What they found, however, was the opposite: Rates of expulsion had actually declined throughout the state, according to responses from providers in all 21 counties in the state of New Jersey. A similar pre-pandemic study, conducted by the same team, had shown that approximately 36% of responding centers had expelled at least one child in the preceding twelve months. In this study, the percentage of providers that expelled at least one child was down to 17.4%.
But what could account for this dip in expulsions? “After we kind of zoomed out and looked at it for a minute,” said Dr. Giordano, “and considered all of the factors that were involved, we said, maybe we should not have been surprised.” After all, because of COVID protocols and fewer children returning to preschool, there were lower provider/child ratios. Children weren’t sharing materials and were socially distanced, which reduced the chance of conflicts.
The financial pressure on programs was also a likely deterrent to expelling children. “Programs were really financially strapped. So whereas before, if there was a waiting list or you had a program that was full to capacity, the financial loss of one child was not that significant. But during this time when so many families were still working from home or nervous to send their children back into child care center, the financial impact probably felt much bigger.”
None of these potential factors, though, are necessarily useful takeaways for early childhood educators or parents of young children. Dr. Giordano explains: “The factors we thought might be a potential cause for the decreases are practices we wouldn’t want to maintain. We don’t want centers desperate for families. We don’t want families desperate for child care. We don’t want low capacity and no sharing of toys.”
Zero – 5 are the most critical brain-building years, and the sharing of toys, Dr. Giordano adds, helps build social and emotional skills, problem-solving skills and self-control. And socially distancing children doesn’t help them learn to negotiate with one another, play or work together.

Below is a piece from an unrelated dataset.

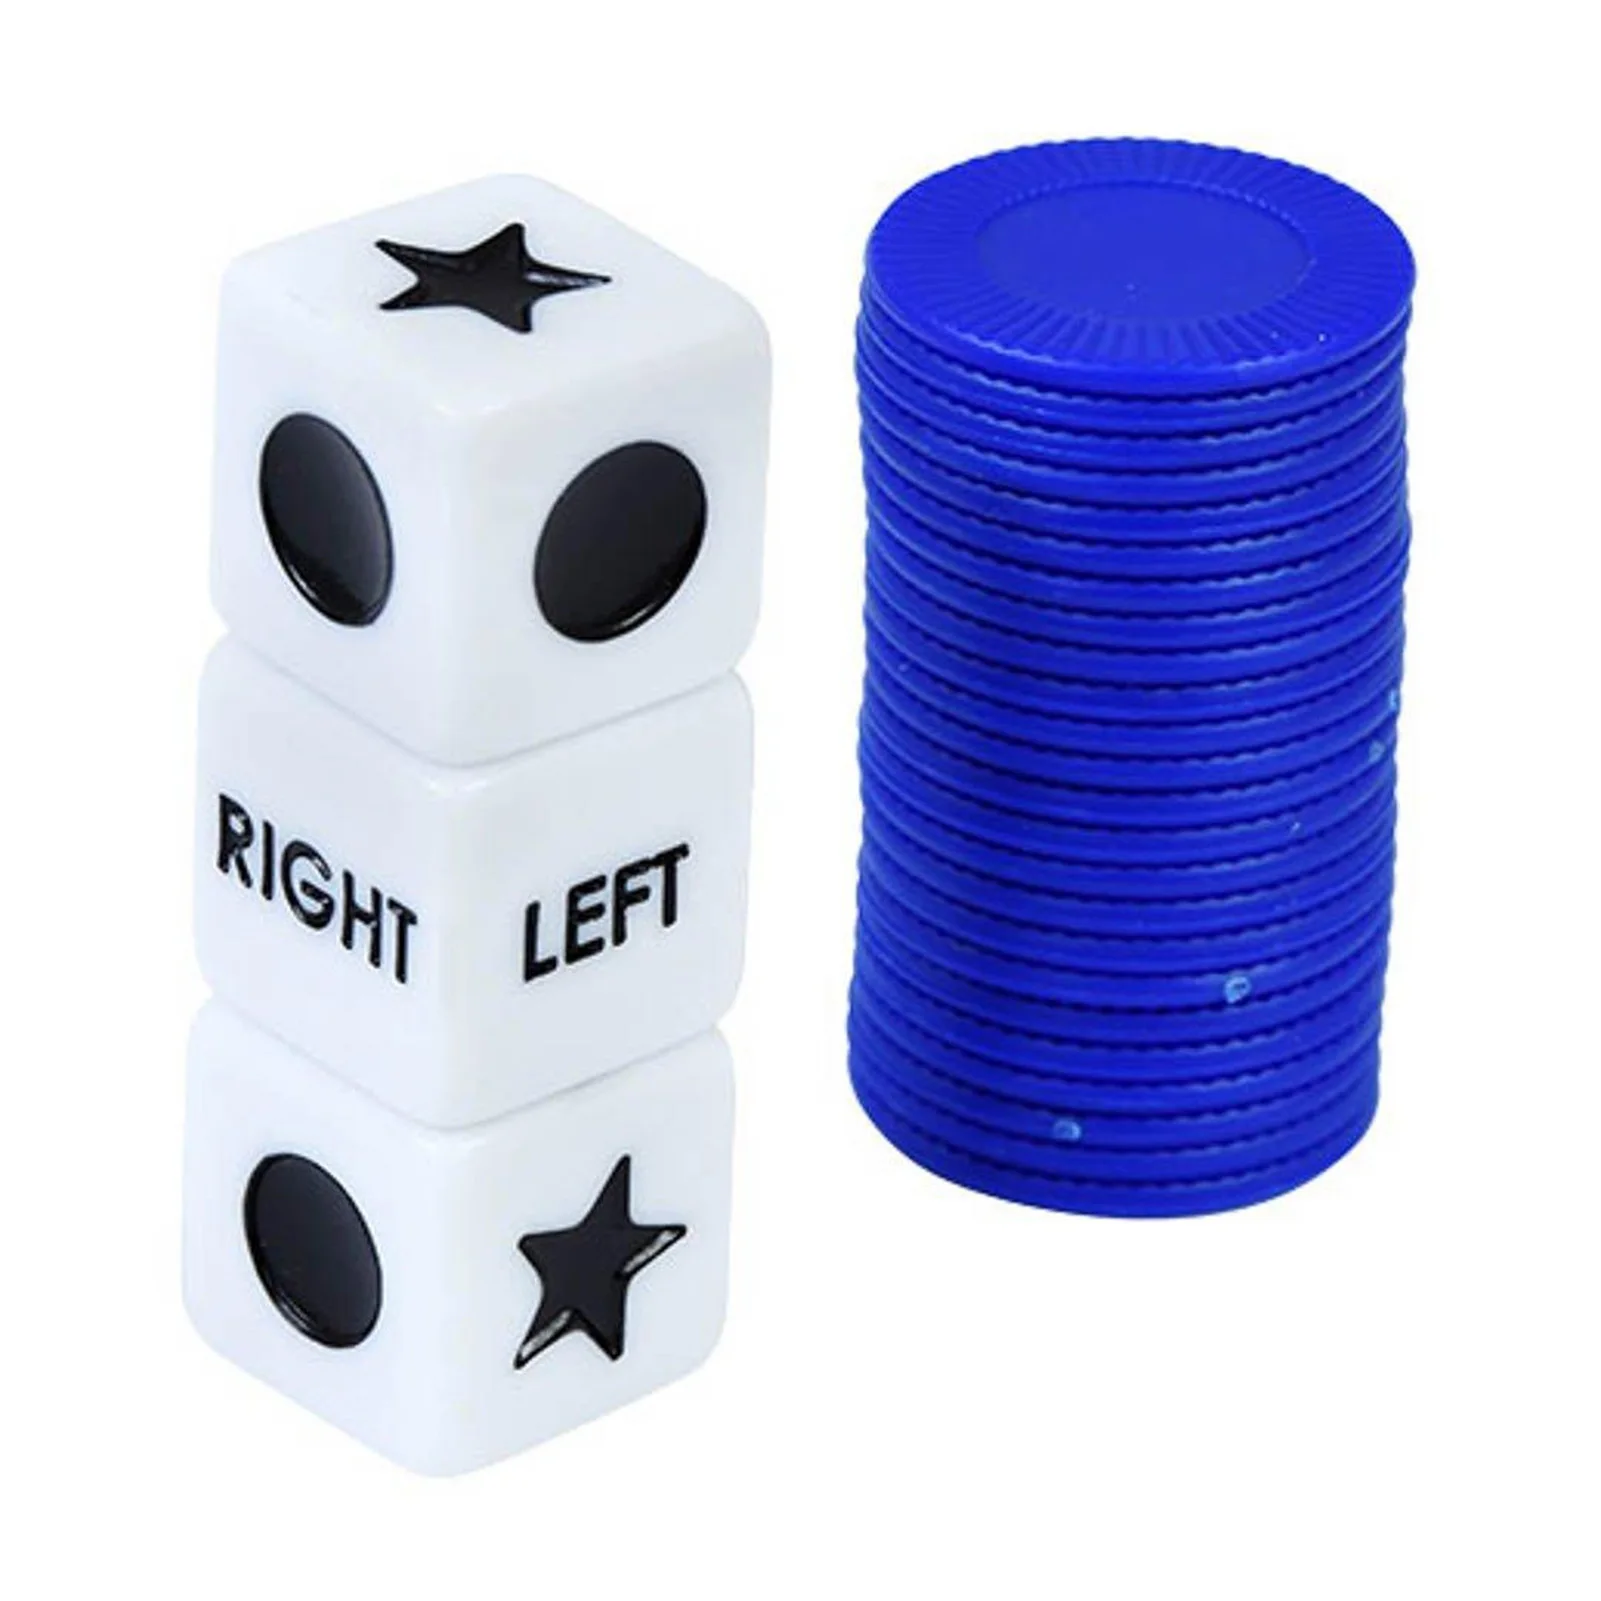 

Left Right Center Dice Game Innovative Left Right Center Table Game With 3 Dices And 24 Chips For Club Drinking Games Gatherings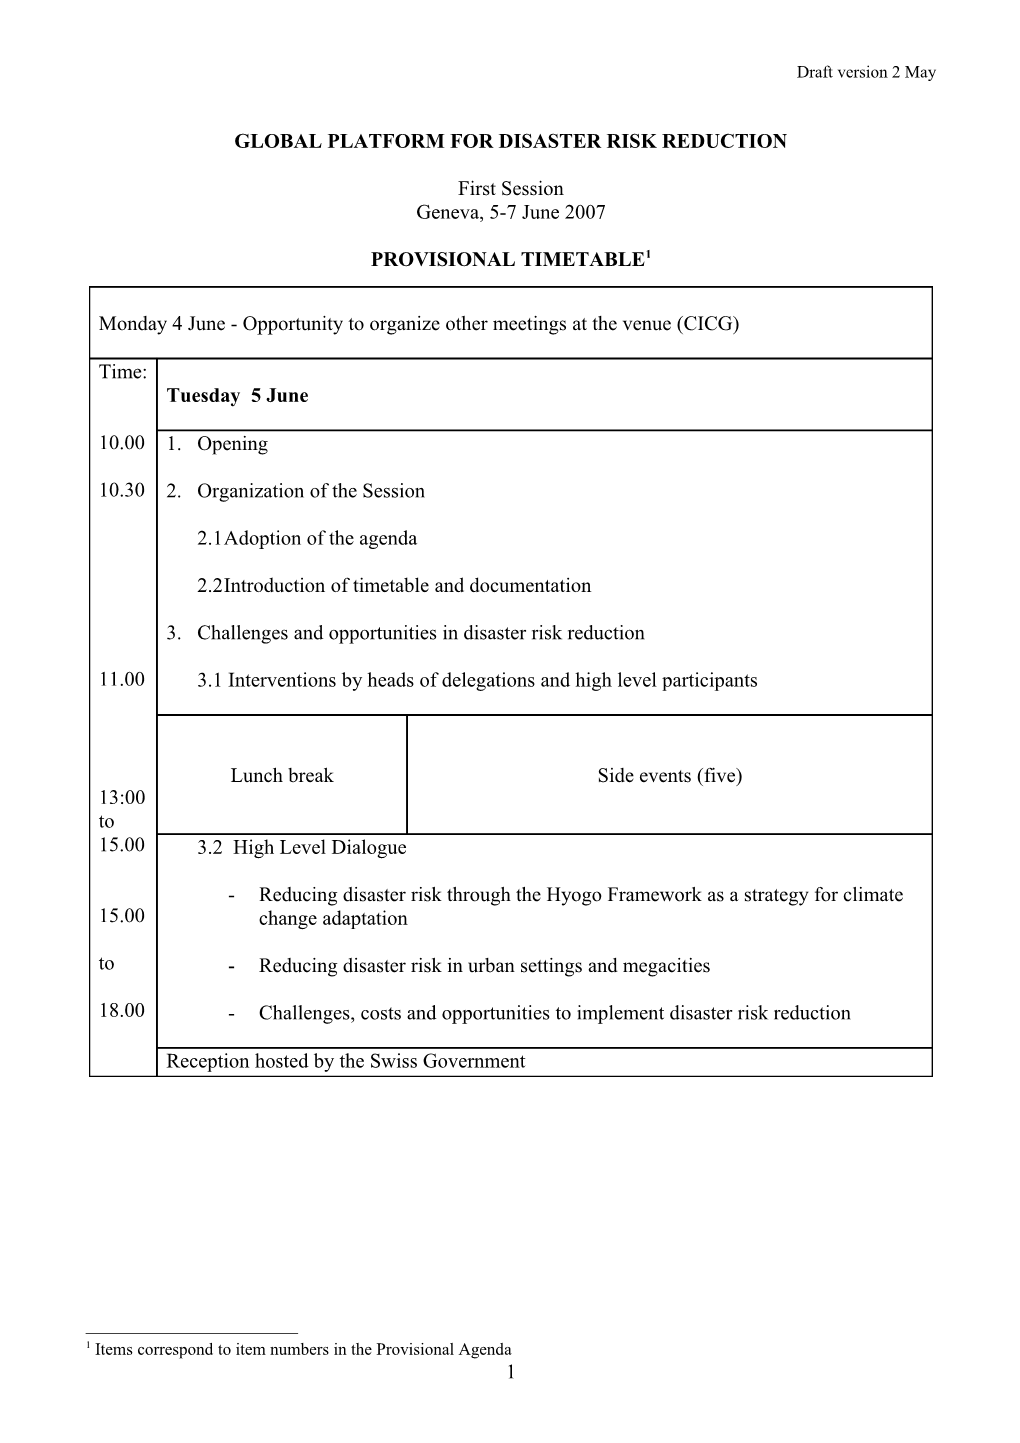 Monday 4 June - Preparatory Day for Mainly Procedural Discussions

Even worse, it seems that the positive trend didn’t continue as restrictions lifted. “We were so excited that the numbers dipped down and we were like, okay, we keep searching for these little silver linings from COVID; maybe this is one of them.”
This prompted the team to run the survey again, two years into the pandemic. “Because anecdotally we were talking to providers and they kept saying, no, we’re frustrated. And we got the data back and we were like, oh, we’re right back. We’re still working through the data, but our early results are showing that the expulsion rate is almost right back to where it was prior to COVID.”
Disappointing, but maybe not surprising. “Everybody’s so excited to be back to normal. But this is an area that, you know, maybe back to normal isn’t such a great thing.”
Alice Bradley is a Brooklyn-based writer and editor. She has written for numerous magazines and sites, including Salon, Health, Parents and Real Simple, and was a contributing editor to Creative Nonfiction. She co-wrote the humor book “Let’s Panic About Babies!”